Esculturas de hielo de varios de los ases más destacados salpicaban la sala. Peregrine se había situado cerca de su estatua y sus hermosas alas amenazaban con destruir su réplica helada.

El Capitán Trips, con un vaso de zumo de frutas apretujado en una mano huesuda, se movía por la sala tratando de sortear a la gente, pero su increíble sombrero de copa acabó por caerse al suelo; Harlem Hammer, que parecía del todo incómodo con su mejor traje, se lo recogió. El contraste entre el inmensamente poderoso as negro, con su calva brillando bajo las luces, y el enclenque Capitán era asombroso.

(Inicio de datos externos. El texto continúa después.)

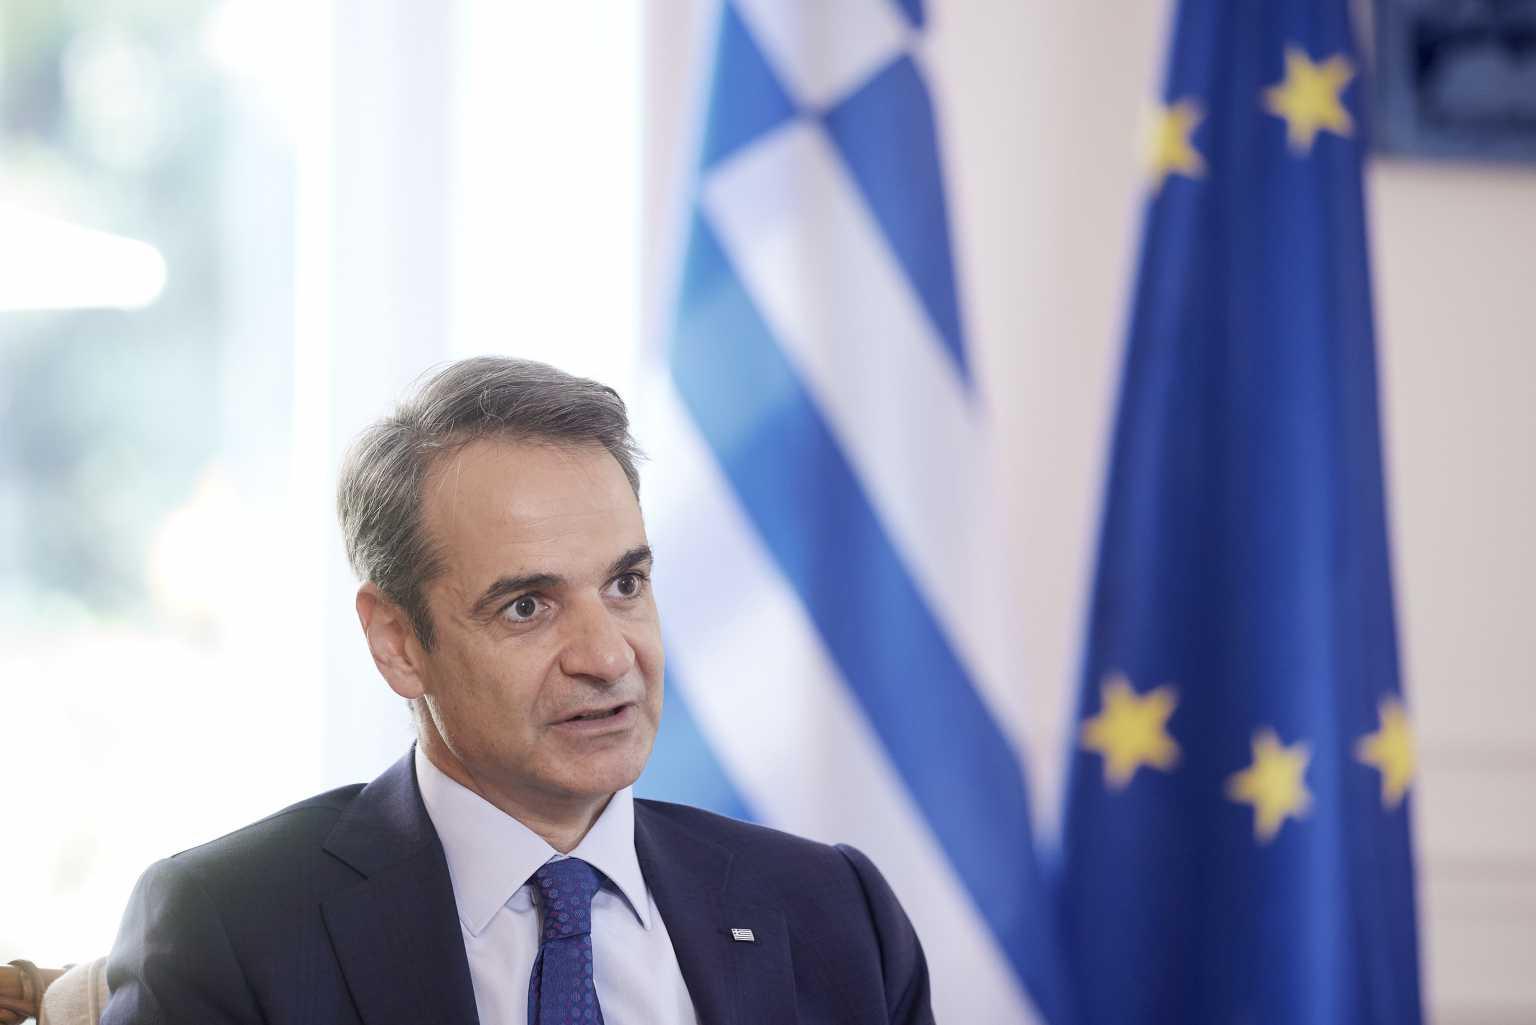 Μητσοτάκης για τουρκικές προκλήσεις: «Το μήνυμα εστάλη πολύ, πολύ ξεκάθαρα από το Ευρωπαϊκό Συμβούλιο…»

El Profesor e Ice-Blue Sibyl estaban repantingados cerca de la barra. Sibyl, con su cuerpo azul asexuado y desnudo, podría haberse hecho pasar por una de las figuras de hielo. Incluso causaba leves escalofríos a quienes estaban cerca de ella. Su compañero generaba un gran revuelo por su sentido del estilo. Con sus patillas, su incipiente calvicie, sus gafitas de alambre y una humeante pipa, parecía el anciano tío de alguien. Aunque ningún tío de Roulette habría llevado jamás un esmoquin azul celeste con sandalias desgastadas.

Fantasy, la primera bailarina del American Ballet Theater y uno de los ases más conocidos de Nueva York, puso una rosa bajo la nariz de Pit Boss mientras Trump Card la miraba con indulgencia.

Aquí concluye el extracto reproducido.